Location
- 815 Fay Road Syracuse, (Onondaga County), New York 13219 United States 43°2′3″N 76°12′27″W﻿ / ﻿43.03417°N 76.20750°W

Information
- Type: Private, Coeducational
- Religious affiliation: Catholic
- Patron saint: Carlo Acutis
- Established: 2025
- School district: Diocese of Syracuse
- Dean: Timothy Schmidt
- Principal: Kevin Murphy
- Grades: 7–12
- Colors: Green and white
- Athletics conference: OHSL
- Mascot: Gaelic Knight
- Website: ludden-grimes.org

= Bishop Ludden-Grimes Junior/Senior High School =

Private, coeducational school in Syracuse, New York, United States

Bishop Ludden-Grimes Junior/Senior High School is a private, Catholic high school in Syracuse, New York in the United States. It is located within the Diocese of Syracuse.

==History==
Bishop Ludden–Grimes Junior/Senior High School was established in 2025 through the consolidation of Bishop Ludden Junior/Senior High School and Bishop Grimes Junior/Senior High School. The school is named in honor of the first two bishops of the Diocese of Syracuse: Bishop Patrick Anthony Ludden and Bishop John Grimes. In February 2025, the Diocese of Syracuse announced that Bishop Grimes Junior/Senior High School and Bishop Ludden Junior/Senior High School would close at the end of the 2024–25 academic year. The two schools were merged to form a single institution, Bishop Ludden–Grimes Junior/Senior High School, located on the former Bishop Ludden campus. Following the 2025 consolidation of Bishop Ludden and Bishop Grimes, students from the formerly rival schools were integrated into a single student body.
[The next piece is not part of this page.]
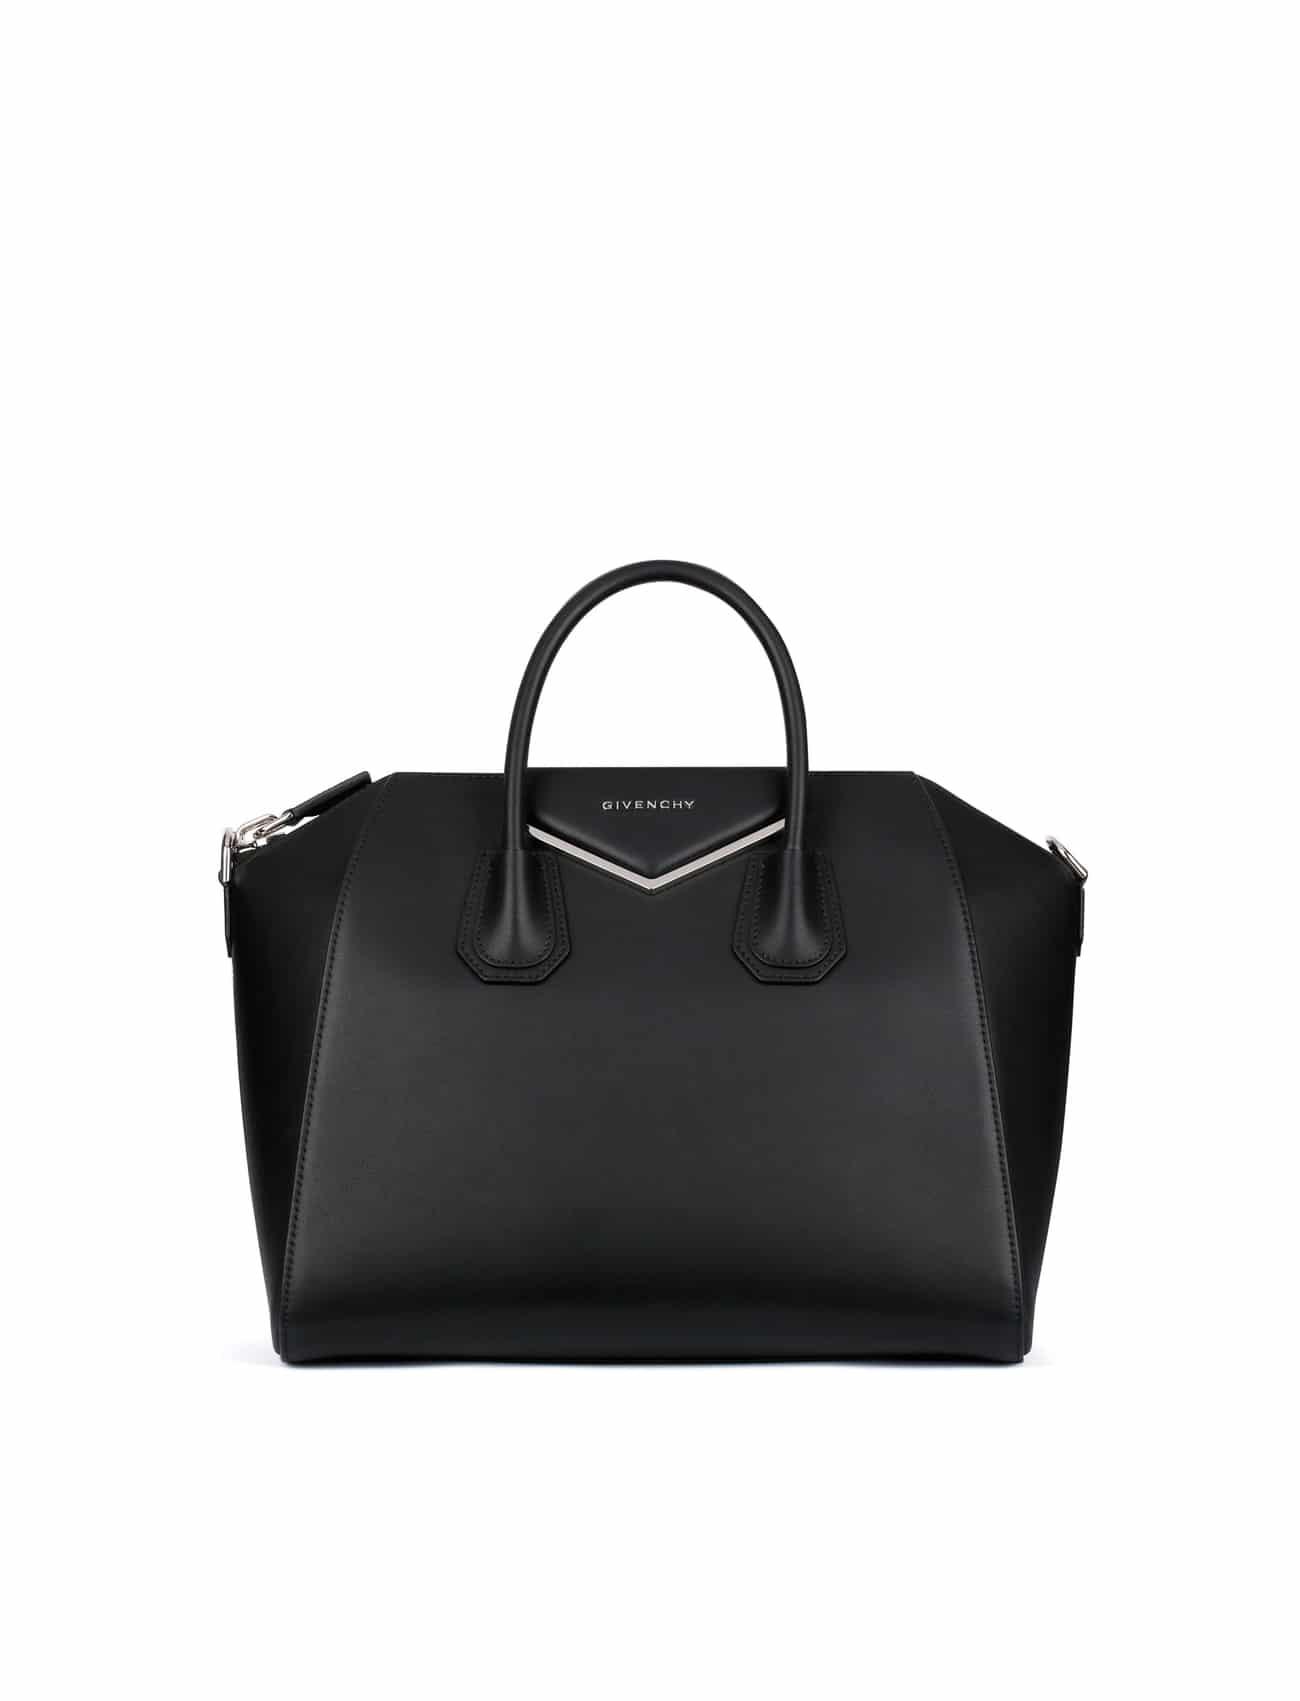 ab601ddfb9 Givenchy Black Medium Antigona Bag with Metal Details

Reports noted that students experienced an initial period of adjustment as they adapted to a shared academic and social environment. The school's architectural design is cruciform, with a central chapel located at the center of the building.

== Academics ==
Bishop Ludden-Grimes Junior-Senior High School is an accredited International Baccalaureate (IB) World School, authorized to offer the IB Diploma Program with multiple Advanced Placement (AP) courses. Foreign languages offered include: Spanish, French, and American Sign Language. AP course offerings include: AP English Language and Composition, AP English Literature and Composition, AP Calculus, AP Statistics, and AP World History. IB course offerings include: IB Visual Arts SL, IB English: Language A: Literature, IB Mathematics Analysis & Approaches HL, IB Biology SL, IB Environmental Systems and Societies SL, IB Global Politics SL, IB History HL, IB Psychology SL, IB French and Spanish SL, and IB Core.

The school participates in dual enrollment programs, including Syracuse University Project Advance, the Pre-Collegiate Bridge Program with Le Moyne College and a partnership with Onondaga Community College. Courses offered through the SUPA Program includes Introduction to Esports and Principles and Contemporary Issues in Sport Management.

== Athletics ==
Boys' soccer won the Section III Class C championship in 2025, months after the school's establishment.